NOTE: The flaw also exists if you also use the network boot capability (PXE boot).

What is the Patch?

Due to the complexity of the problem (did you read the prior Eclypsium link?), it needs more than one piece of software to be patched and in different layers of the boot chain.

First off, the vulnerable GRUB2 software needs patching; this is quite easy and will require a reboot of the Linux O/S.
The problem with patching just GRUB2, is that it is still possible for an attacker with root to re-install a vulnerable version of GRUB2 and then use that vulnerable version to compromise the system further.
Remember, the chain of trust is still trusting that vulnerable version of GRUB2.
Therefore, to be able to stop the vulnerable version of GRUB2 being re-installed and used, three things need to happen:

The O/S vendor (SUSE) needs to adjust their code (known as the “shim”) so that it no longer trusts the vulnerable version of GRUB2. Again, this is a software patch from the O/S vendor (SUSE) which will need a reboot.
Since someone with root could simply re-install O/S vendor code (the “shim”) that trusts the vulnerable version of GRUB2, the adjusted O/S vendor code will need signing and trusting by the certificates further up the chain.
The revocation list of Secure Boot needs to be adjusted to prevent the vulnerable version of the O/S vendor code (“shim”) from being called during boot. (This is known as the “dbx” (exclusion database), which will need updating with a firmware update).

What is SUSE doing about it?

There needs to be a multi-pronged patching process because SUSE also found some additional bugs during their analysis.
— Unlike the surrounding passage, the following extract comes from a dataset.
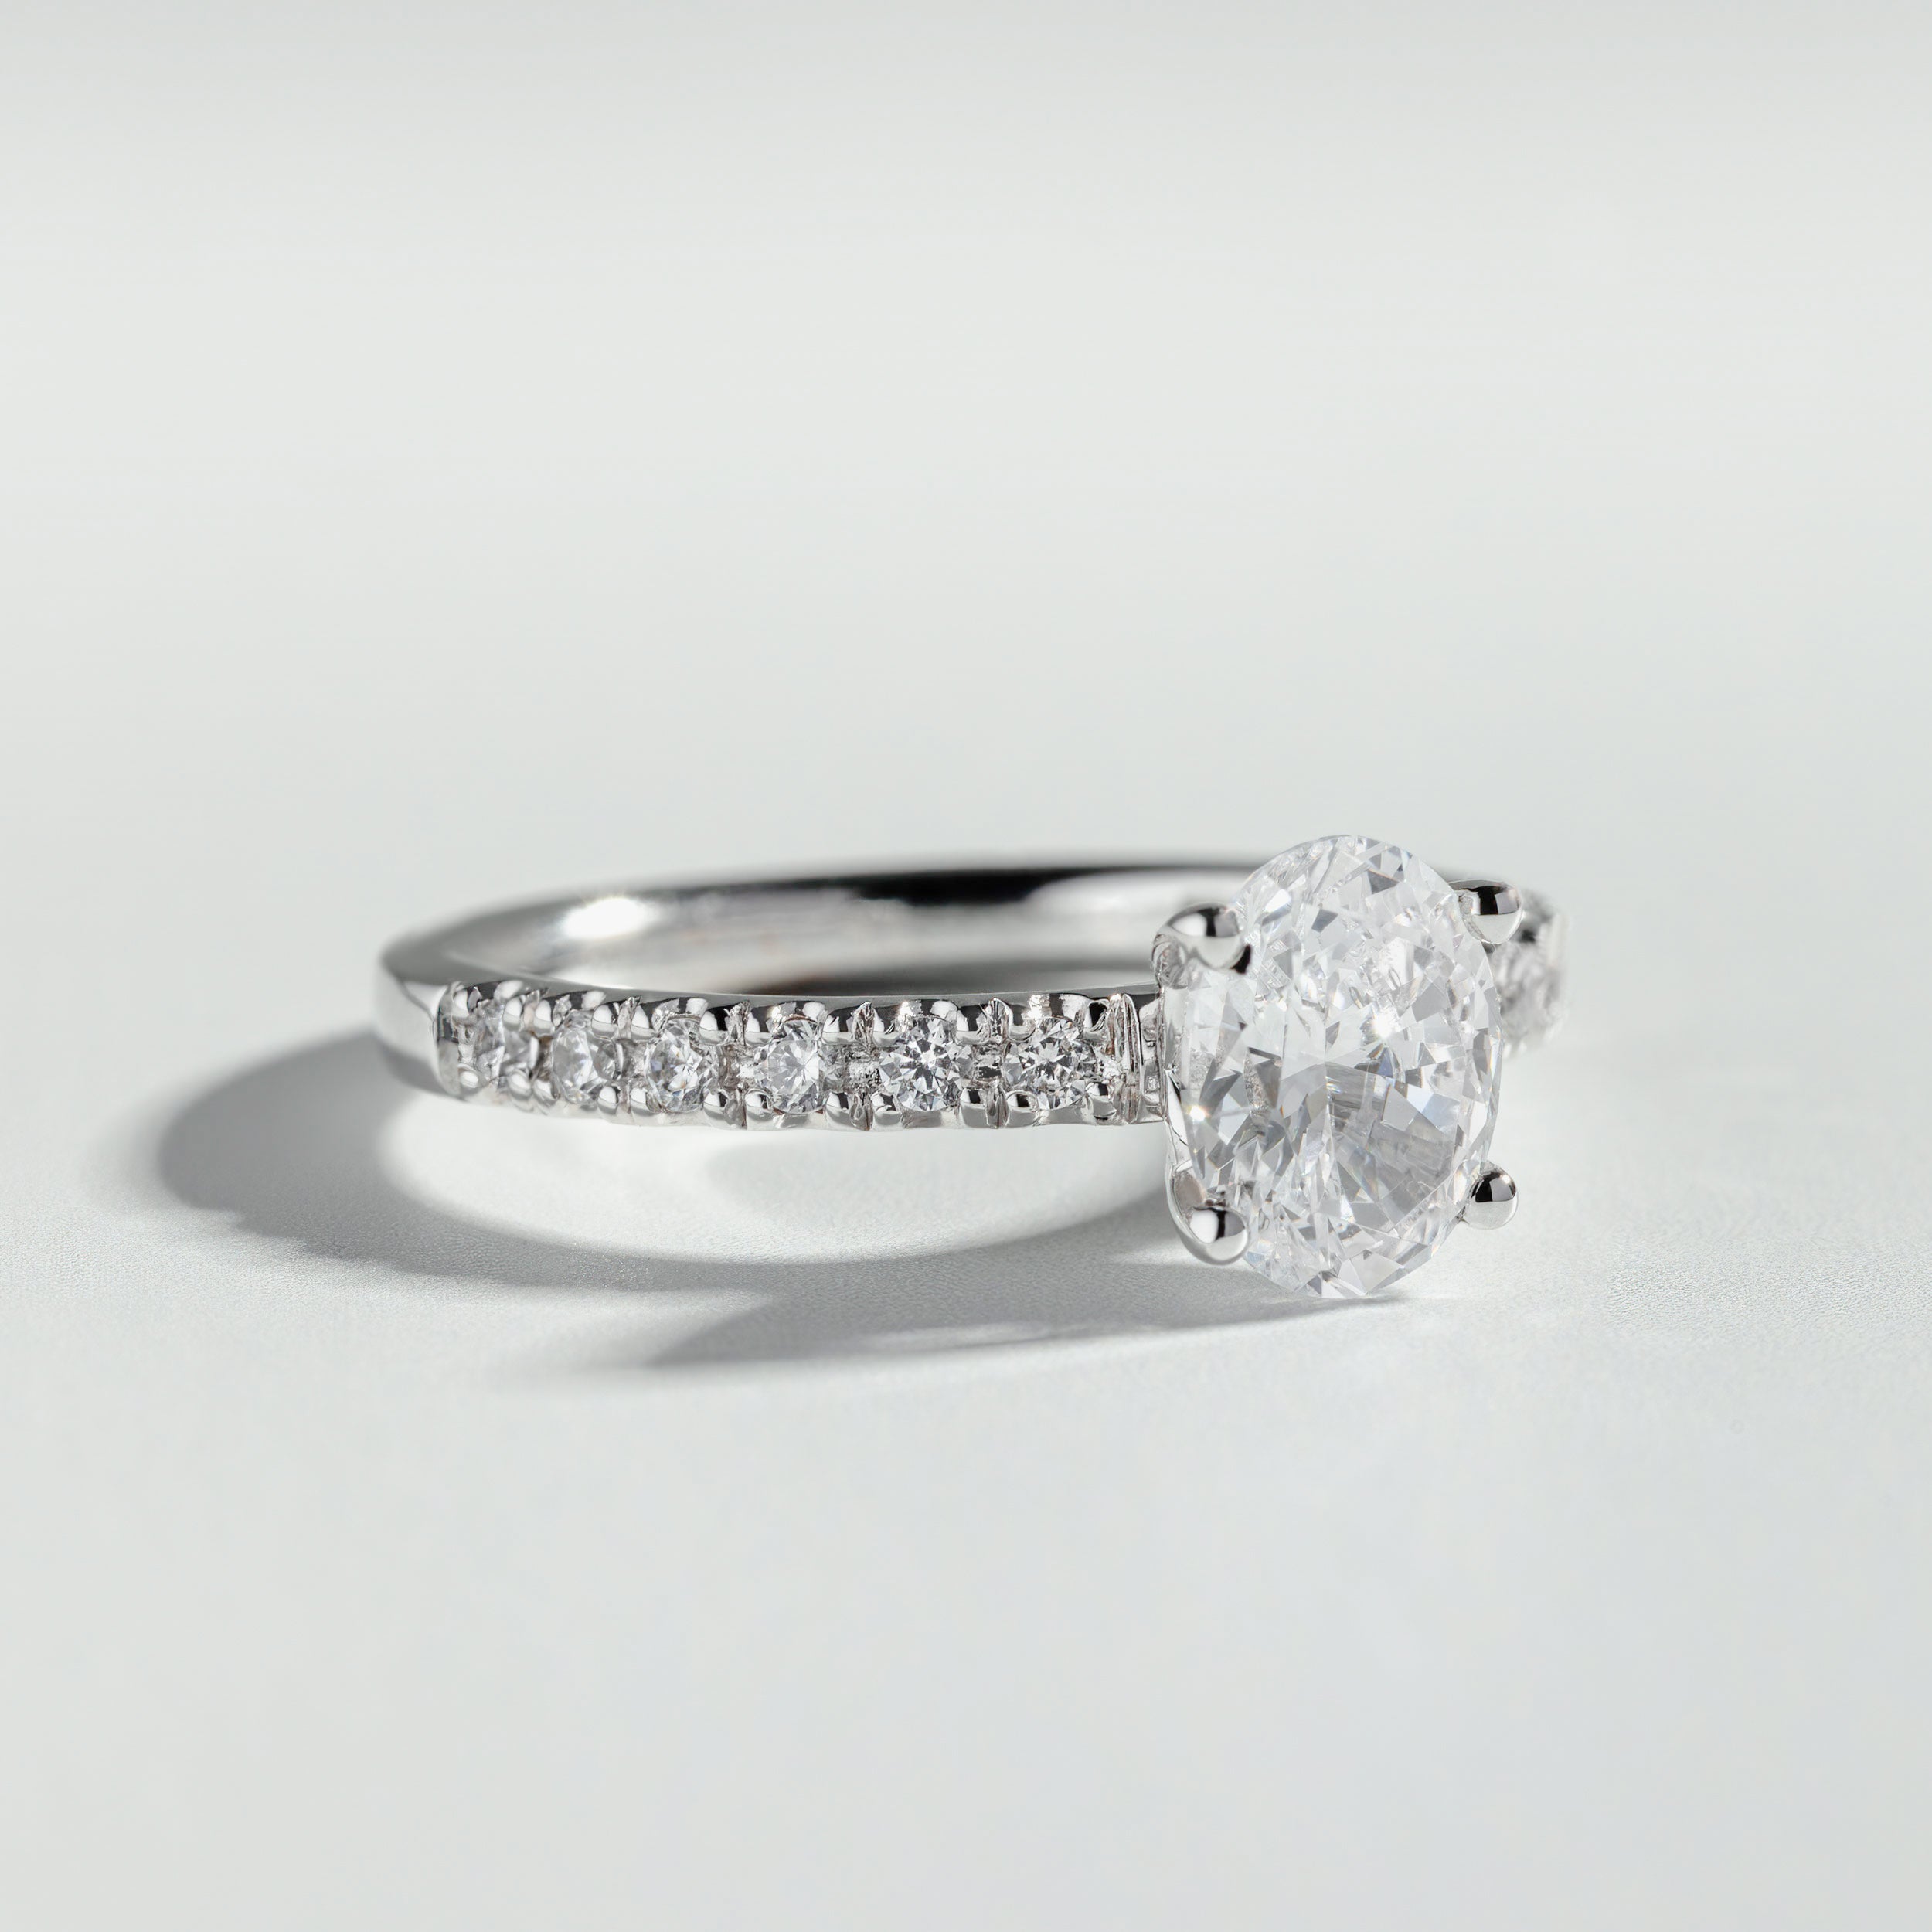 The Round Cut Pavé Solitaire Ring

You can see the SUSE page on CVE-2020-10713 here, which includes the mention of the additional bugs.

They key point is that you *could* start patching, but if it were me, I would be tempted to wait until the SUSE “shim” has been updated with the new chain certificate, patch GRUB2 and then update the “dbx”.

How does this impact Azure VMs?

In the previous paragraphs we found that a firmware update is needed to update the “dbx” exclusion database.
Since Microsoft Azure is using the Hyper-V hypervisor, the “firmware” is actually software in Hyper-v.
See here, which says: “Secure Boot or UEFI firmware isn’t required on the physical Hyper-V host. Hyper-V provides virtual firmware to virtual machines that is independent of what’s on the Hyper-V host.“

So the above would indicate that the Virtual Machine contains the necessary code from Hyper-V.
I would imagine that this is included at VM creation time.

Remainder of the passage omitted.